De grootste oppervlakte aan oude bosrelicten zien we op de Veluwe, waar naar verhouding grote populaties voorkomen van Quercus robur, Q. petraea, Q. ×rosacea, Fagus sylvatica en algemenere soorten als Ilex aquifolium, Rhamnus frangula en Sorbus aucuparia. Ook andere stuwwallen en stuifzandgebieden in Overijssel, Gelderland, Utrecht en Noord-Brabant zijn vergelijkbaar als genenbron. Onverwacht zijn de houtwalcomplexen zoals de Noordelijke Friese Wouden, de houtwallen van Steenwijkerwold, het Drentse Aagebied en het dal van de Mosbeek in Twente. Voor de grote soortenrijkdom moeten we naar Zuid-Limburg met de holle wegen en graften en bossen die tot de best bewaarde voorbeelden in Nederland kunnen gelden: het Savelsbos, Vijlenerbos en Bunderbos. Het Savelsbos, het enige echte lindebos met zowel Tilia cordata als Tilia platyphylla, is het meest natuurlijke bos in ons land voor wat betreft de boom-, struik- en kruidlaag. Behalve de lindesoorten en hun zeer zeldzame natuurlijke hybride (T. ×europaea), staan hier ook grotere populaties van Fraxinus excelsior, Acer campestre, Carpinus betulus, Betula pendula, Ulmus minor en zeldzaamheden als Cornus mas, Ulmus laevis en Crataegus ×macrocarpa.
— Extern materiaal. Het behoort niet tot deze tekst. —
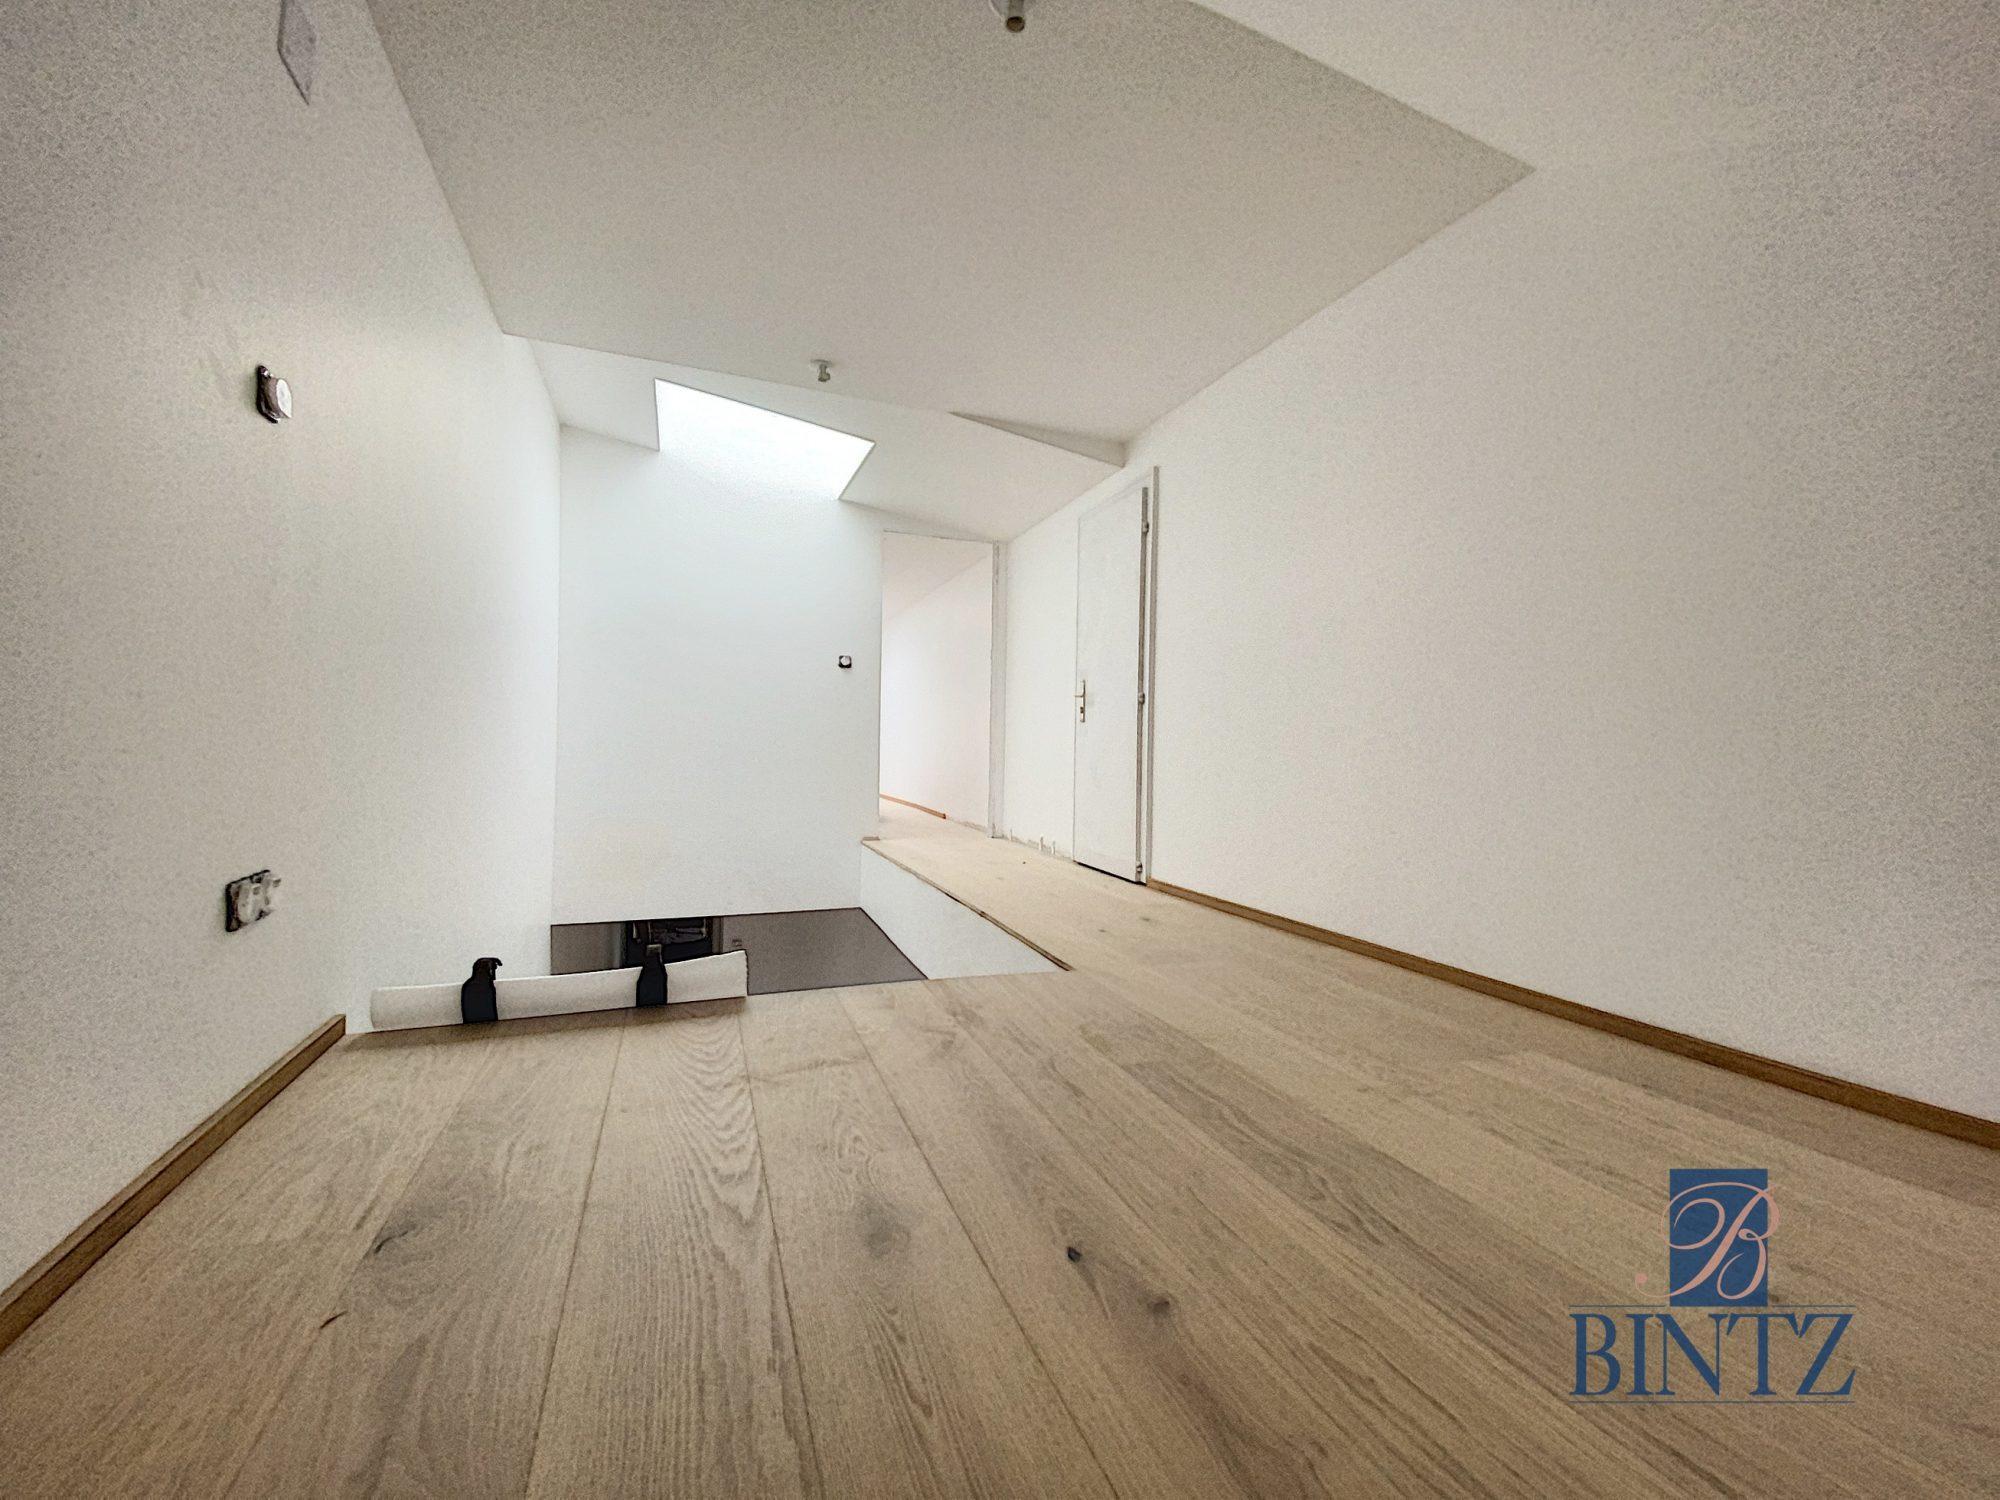 4 pièces refait à neuf quartier Gare - Devenez locataire en toute sérénité - Bintz Immobilier - 8

Kennis van soorten, ondersoorten, hybriden en variëteiten van inheemse soorten is een eerste stap voor behoud en beheer ervan. Binnen de NDV is veel kennis aanwezig. Toch verrast het dat in een standaardwerk als de Dendrologie van de Lage Landen zeker circa vijftig taxa ontbreken van inheemse bomen en struiken. Echt goed determineren van onze eigen bomen en struiken wordt dan lastig. Aan te bevelen is om in een volgende druk ook de in ons cultuurlandschap in voorkomende inheemse taxa op te nemen. Meer aandacht en ook het plezier in het natuur-, en cultuurerfgoed van de bomen en struiken in eigen land is van harte aan te bevelen.
Bert Maes runt sedert 1992 het Ecologisch Adviesbureau Maes te Utrecht.
Noten
1. Ecologisch Adviesbureau Maes te Utrecht.
2. Tot 2005 met BRONNEN, daarna met het Ecologisch Adviesbureau Van Loon.
3. In 2006. De genenbank bevindt zich in de Flevopolder, Roggebotzand. De beheerder is Staatsbosbeheer.
4. De certificatie is praktisch onder verantwoordelijkheid van de NAK-Tuinbouw.
5. Voor de taxonomie zie Maes e.a., Inheemse bomen en struiken in Nederland en Vlaanderen, 3e druk 2013, uitgave Boom, Amsterdam.
Literatuur
Bakker, Piet, Bert Maes en Hans Kruijer, 2011. ‘De Wilde rozen van Nederland’, in: Gorteria 35.
Maes, Bert (red.), 2013, 3e druk, Inheemse bomen en struiken in Nederland en Vlaanderen. Amsterdam.
Maes, Bert, 2016. Atlas van het landschap groen erfgoed van Nederland. Amersfoort.